Gamebooks, also known as interactive fiction or "choose-your-own-adventure" stories, allow the reader to make decisions about how the story unfolds. Some gamebooks offer only occasional binary choices, while others are complex narratives with multiple paths to victory, enhanced with RPG elements like item management, Hit Points and more elaborate battle systems.
Gamebooks had their heyday in North America in the 1980's with series such as Endless Quest, Fighting Fantasy, Blood Sword, HeroQuest dominating the genre. As the popularity of video games eclipsed interactive fiction, they faded into obscurity. However, as low-tech, self-contained game systems that could be distributed as easily as pulp fiction, they were perfectly suited to a different market: that of post-Communist Bulgaria.
In the early 90s, Bulgarian teens and young adults were starved for gaming, but video games were expensive and hard to come by. When translator Lubomir Nikolov stumbled across an American gamebook in a used bookstore in 1992, he saw the potential of the genre, and kicked off an 8-year golden age of gamebook publishing in Bulgaria. Several hundred gamebooks were written by Bulgarian authors using Western pennames, and many fascinating innovations and experimental game mechanics could be traced back to that era. As an impressionable teenager, I was enthralled with the possibilities of interactive fiction.

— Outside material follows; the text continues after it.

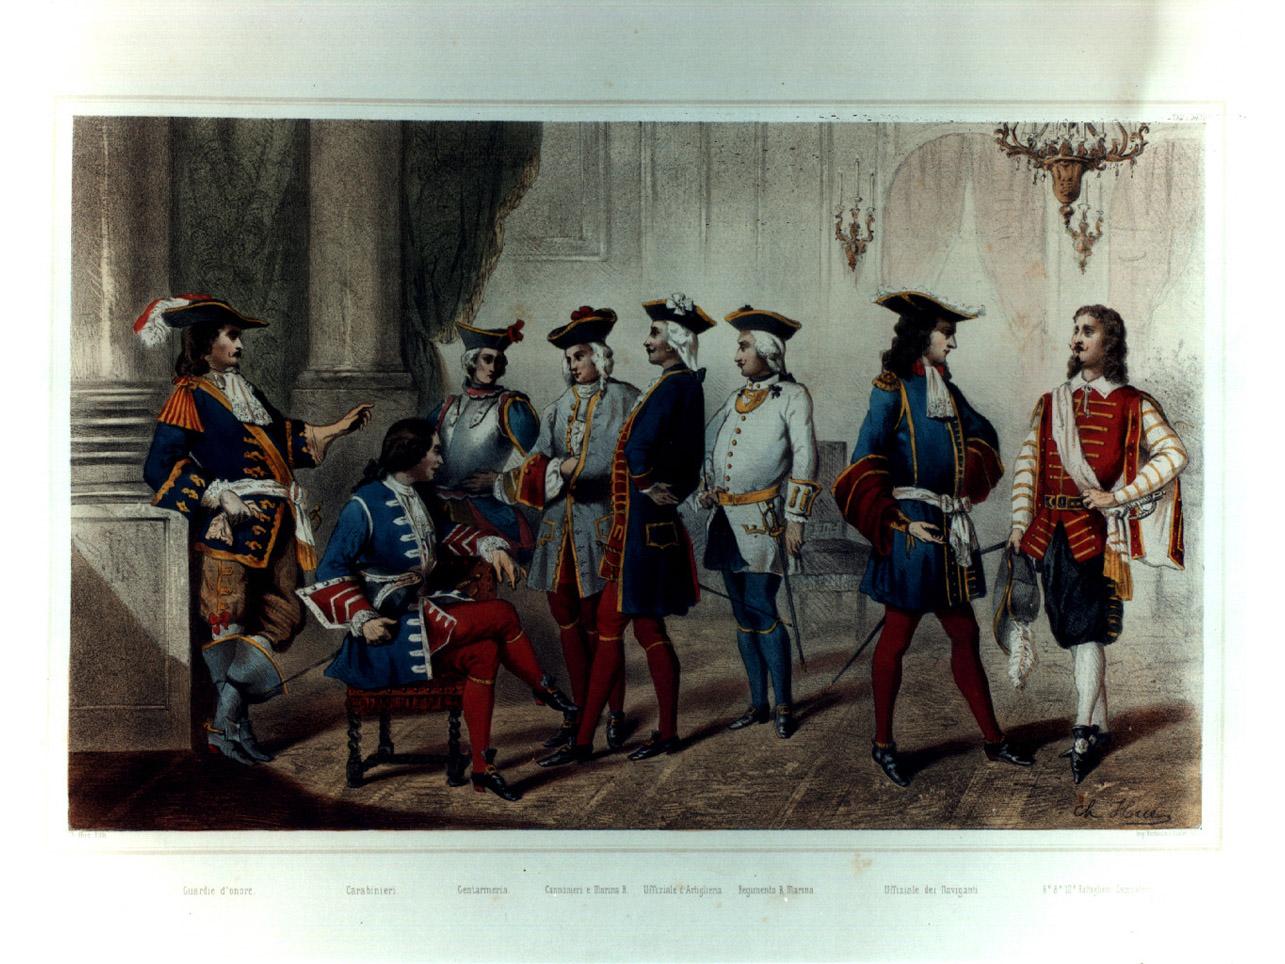 figure maschili in costumi militari entro salone (stampa a colori, elemento d'insieme) di Hue Charles Désiré (sec. XIX)

Gamebook publishing dried up as personal computers and gaming cafés became more widespread in the late 90s, but my fascination with this gaming format endured. Over a decade later, after going through a slew of video games, board games and role-playing games, I wrote two short gamebook stories under the penname Peter Vale. They were published in 2012 and 2014 as part of the second wave of gamebook publishing that began in Bulgaria in 2010.